[Your goal] The full listing, exactly as written and with no images, is the expected output.

[Supplied material]
========
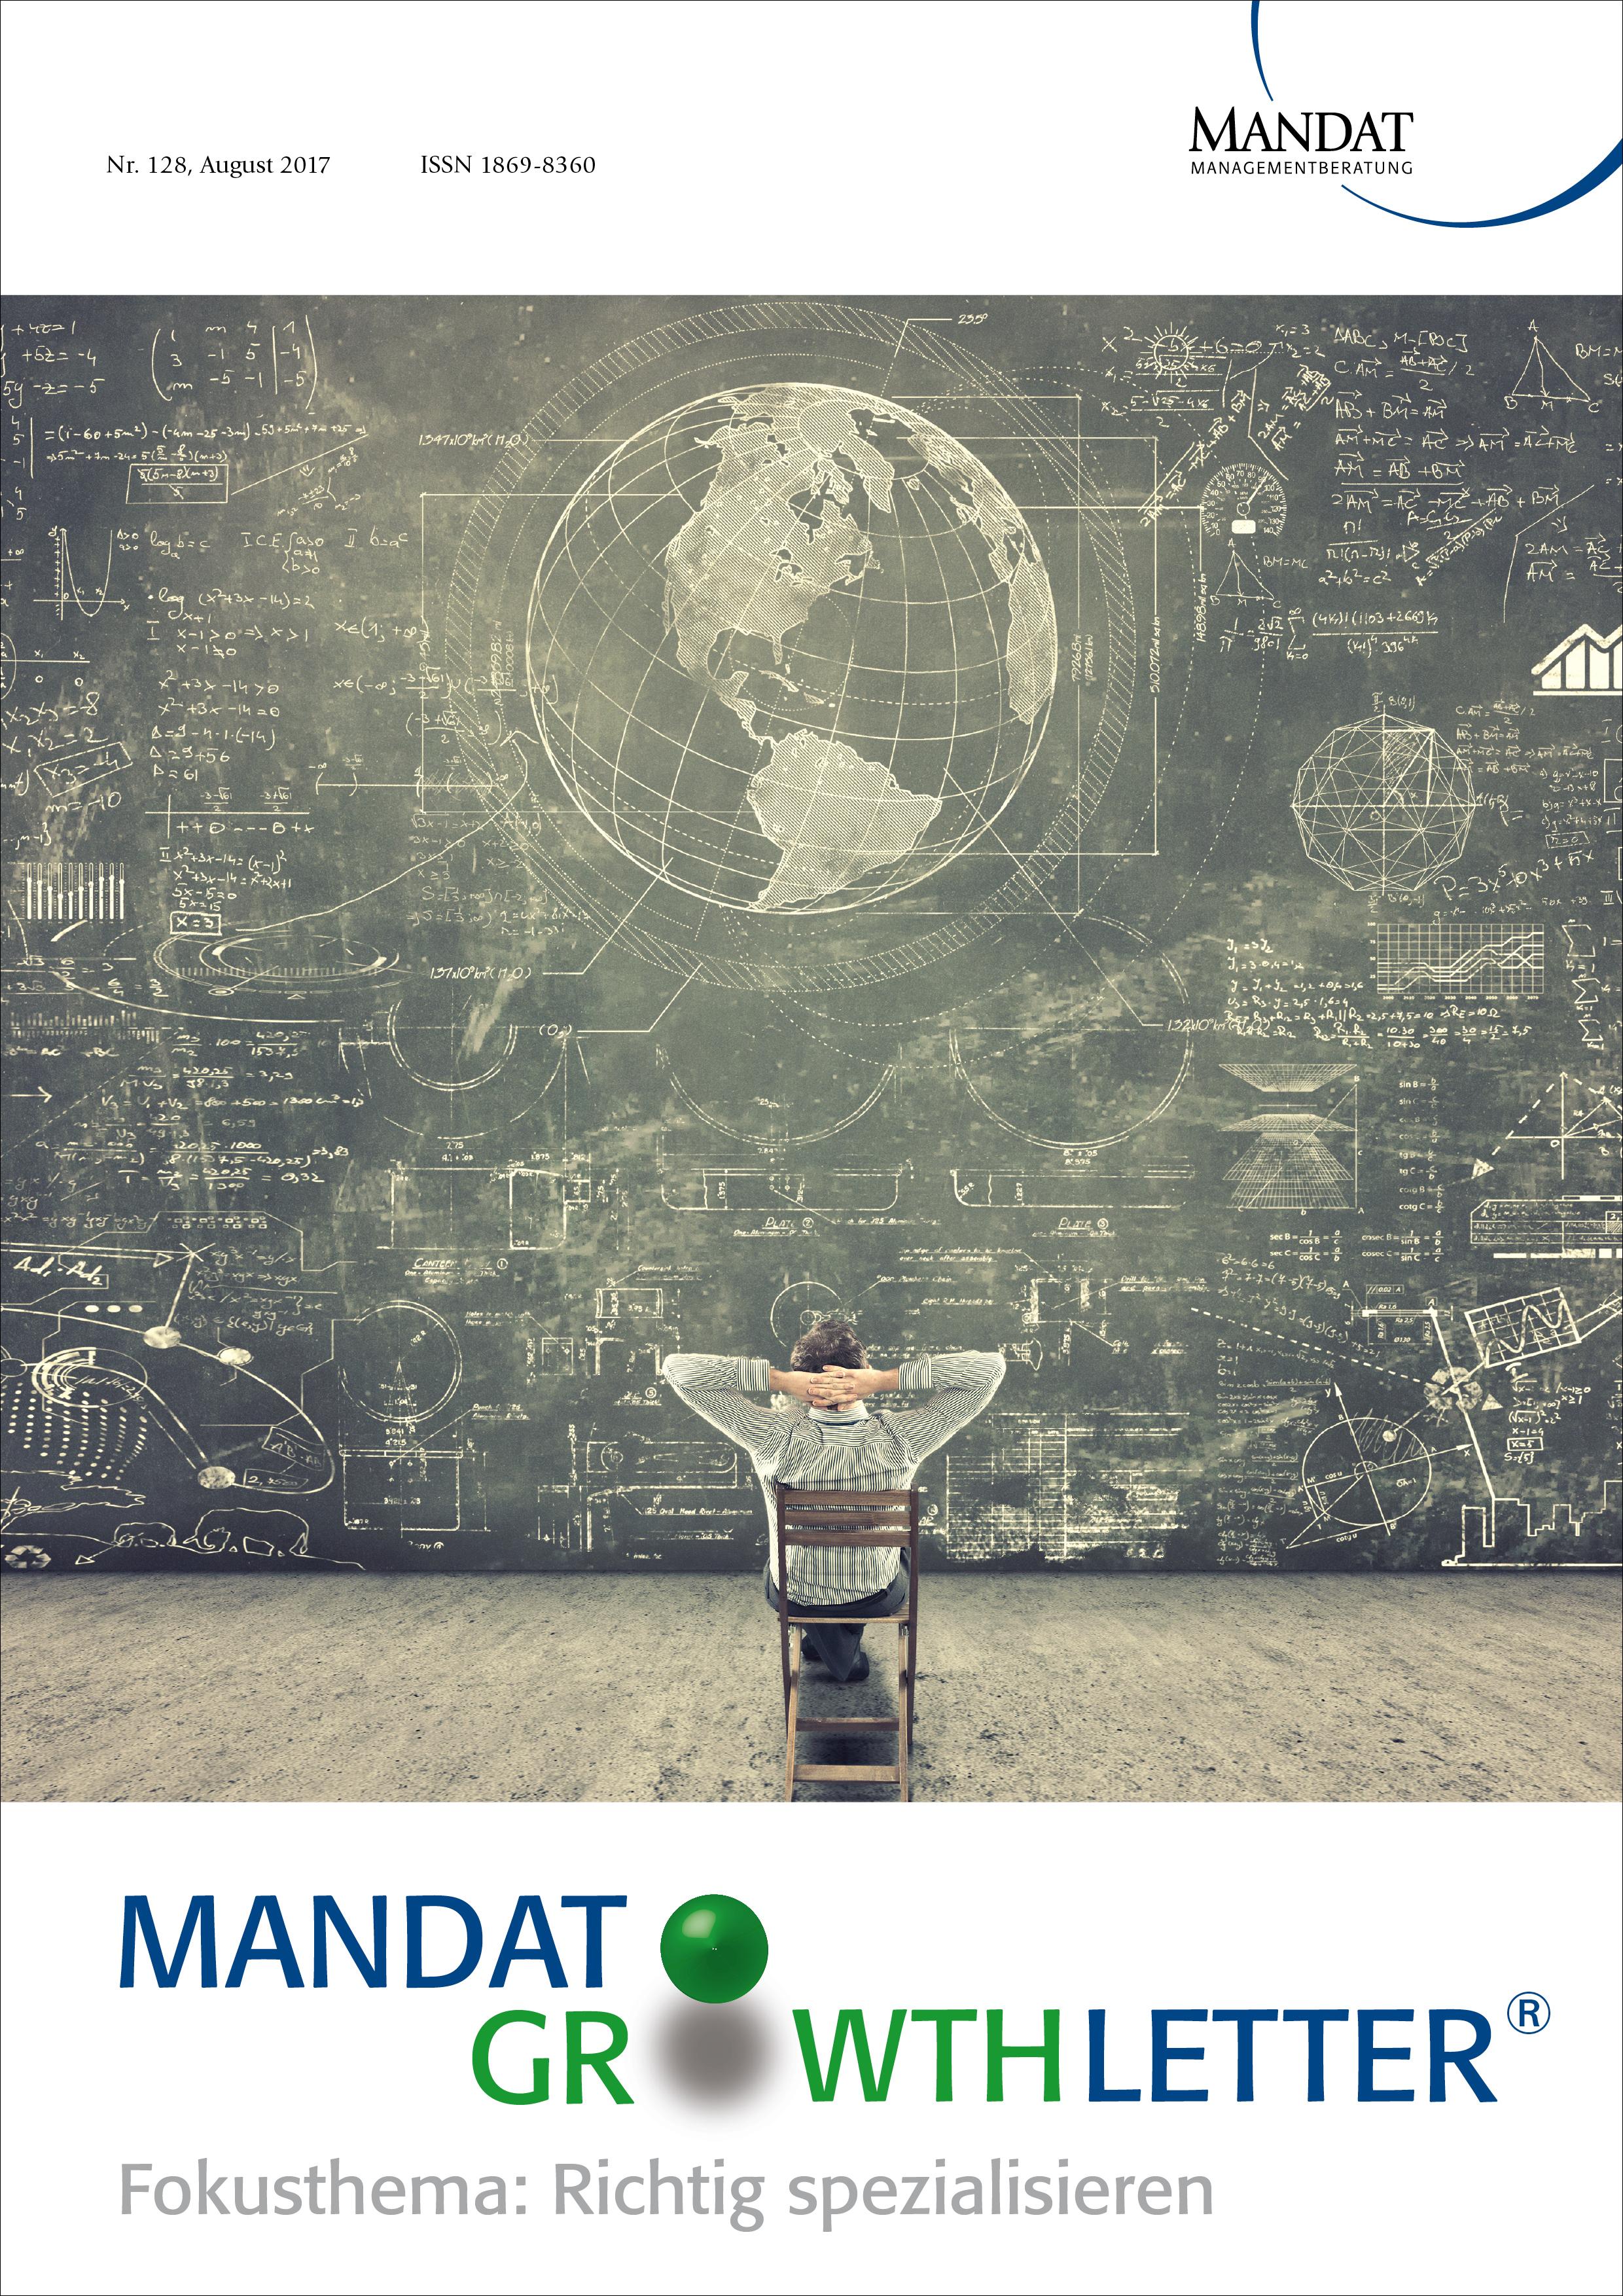 Mandat Cover
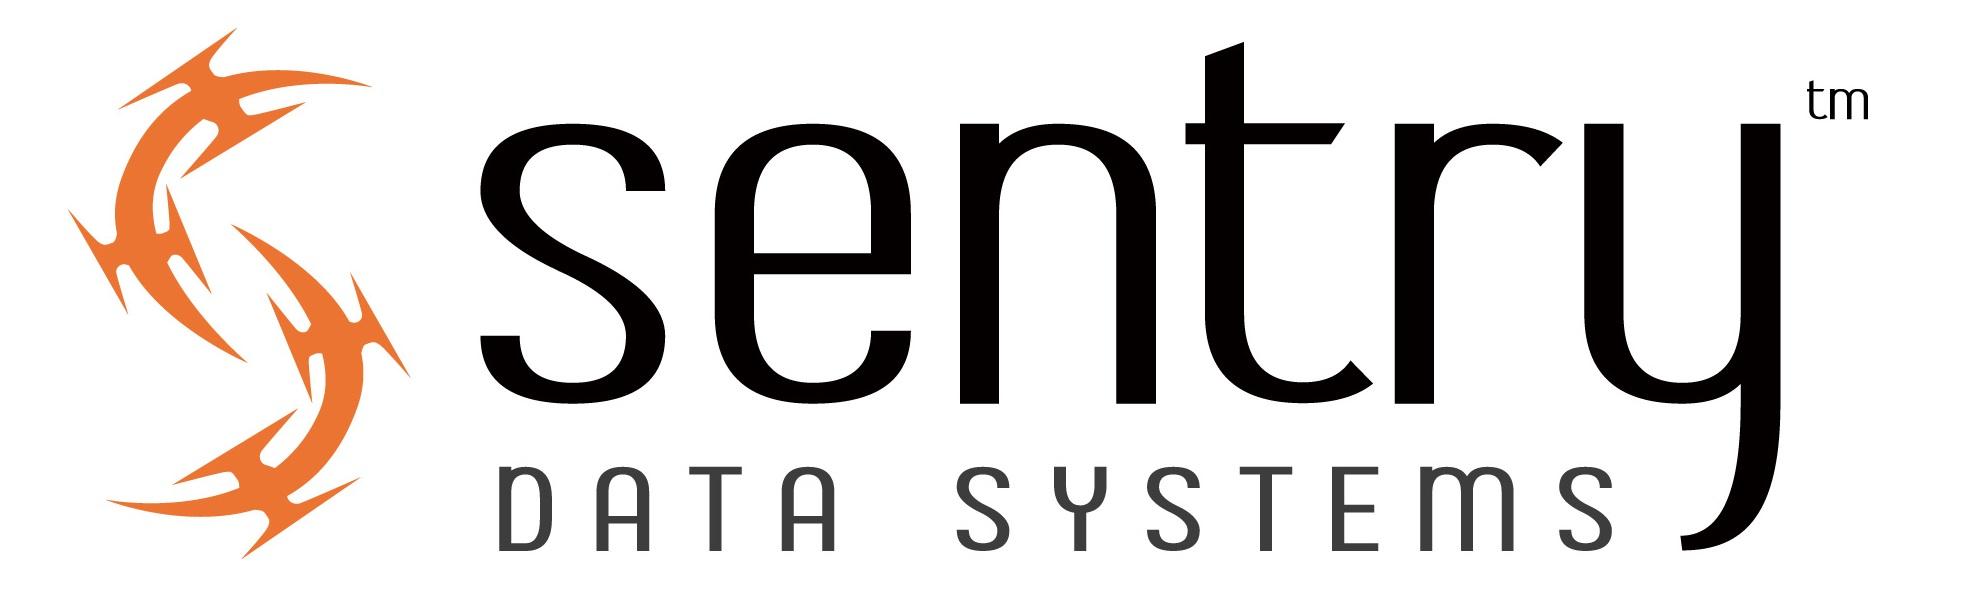 Sentry Data Systems Feedback
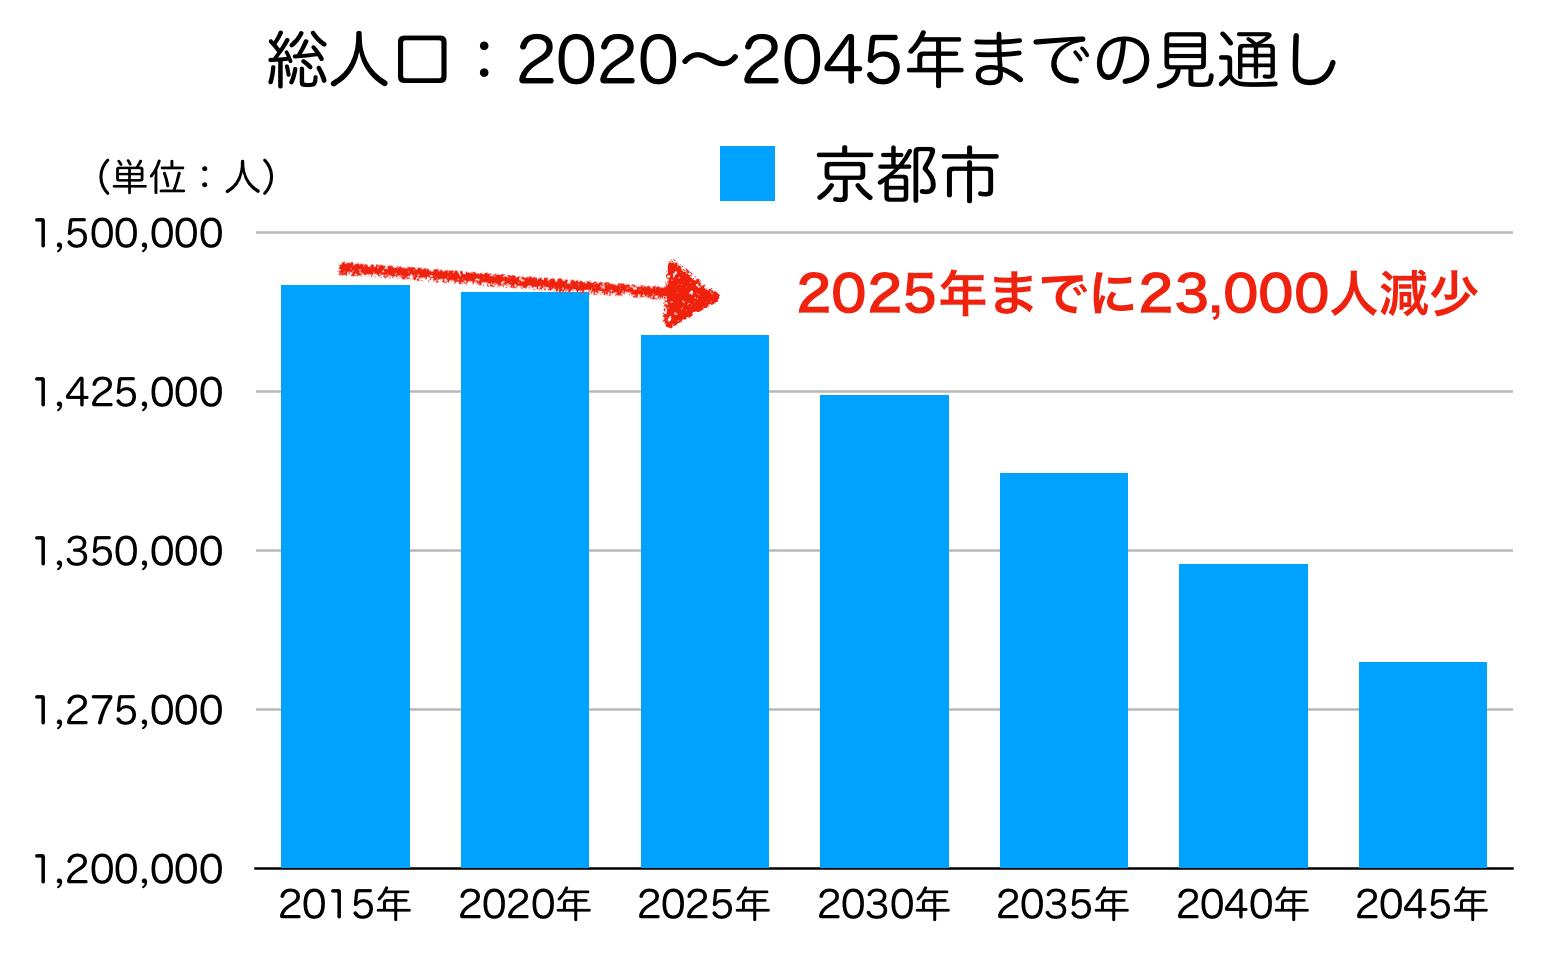 京都市の人口予測
========
[Result of the task]
 Mandat Cover
 Sentry Data Systems Feedback
 京都市の人口予測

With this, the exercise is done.